10th Attorney General of Nebraska
- In office January 7, 1897 – January 3, 1901
- Governor: Silas A. Holcomb William A. Poynter
- Preceded by: Arthur S. Churchill
- Succeeded by: Frank N. Prout

Personal details
- Born: Constantine Joseph Smyth December 4, 1859 County Cavan, Ireland
- Died: April 14, 1924 (aged 64)
- Party: Democratic
- Education: Creighton University (AM) read law

= Constantine Joseph Smyth =

American judge (1859–1924)

Constantine Joseph Smyth (December 4, 1859 – April 14, 1924) was Chief Justice of the Court of Appeals of the District of Columbia.

==Education and career==

Smyth was born in County Cavan, Ireland on December 4, 1859, a son of Brian and Rose (Clark) Smyth.
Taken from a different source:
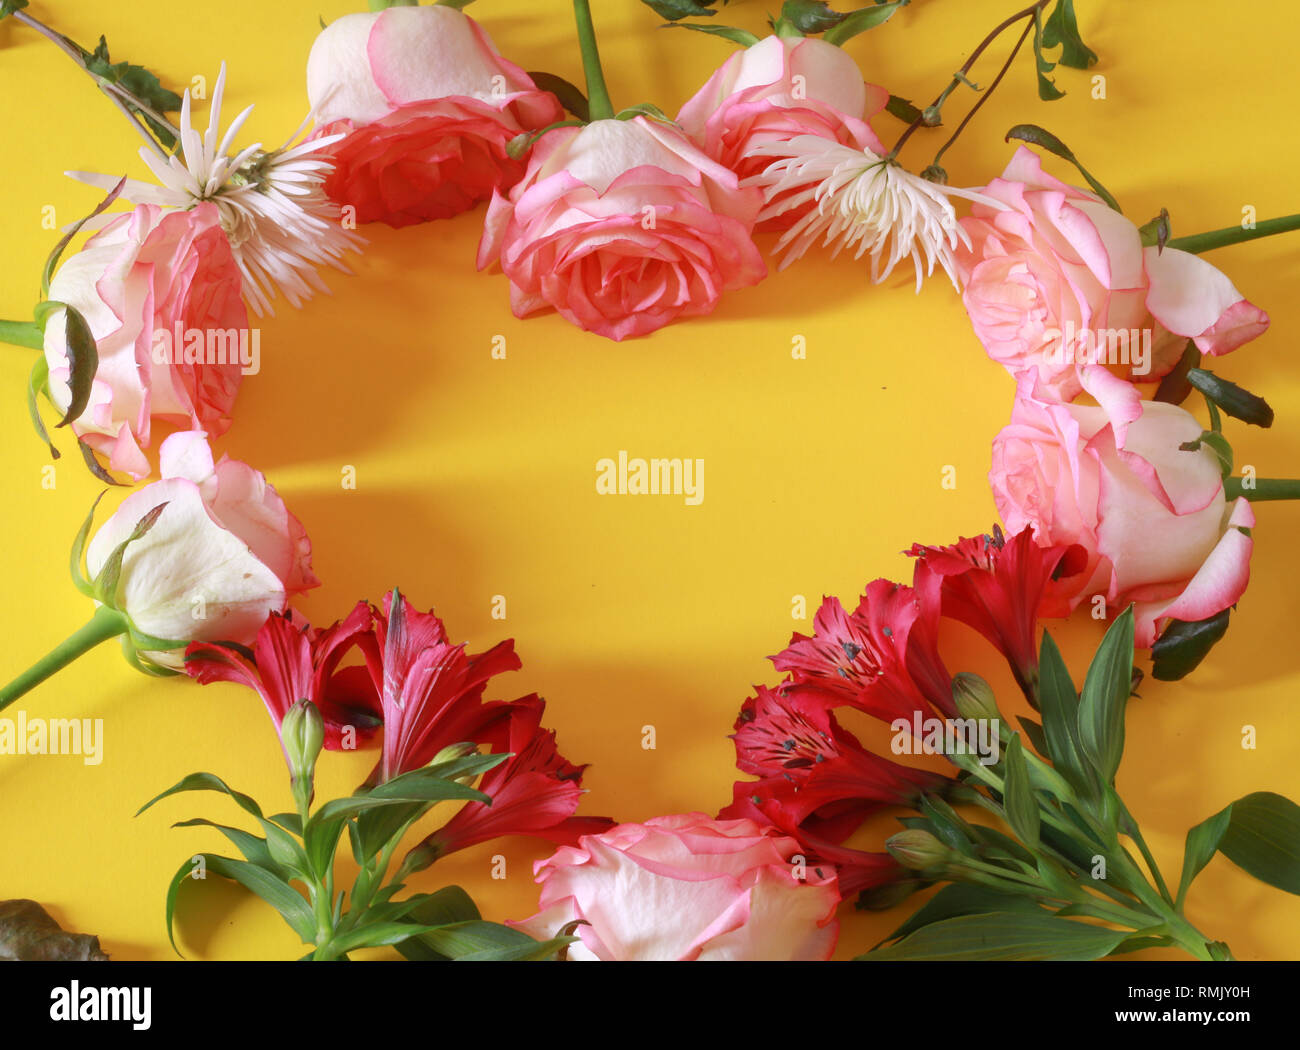 Arrangement de fleur avec l'écriture mignon sur un coeur Banque D'Images

His family came to the United States in 1870, and the family settled in Nebraska. In 1878, Smyth moved to Omaha to attend college. He graduated from Creighton University with an AB degree in 1882. He studied law and was admitted to the bar in 1885. Smyth practiced in Omaha from 1885 to 1913. He was a member of the Nebraska House of Representatives in 1887. He was a member of the Omaha School Board from 1889 to 1894. He was Chairman of the Nebraska State Democratic Committee from 1894 to 1896. He was Attorney General of Nebraska from 1897 to 1900. He was an associate dean and professor at Creighton University School of Law from 1905 to 1910. He received an Artium Magister degree in 1907 from Creighton University. He was a special assistant to the Attorney General of the United States from 1913 to 1917.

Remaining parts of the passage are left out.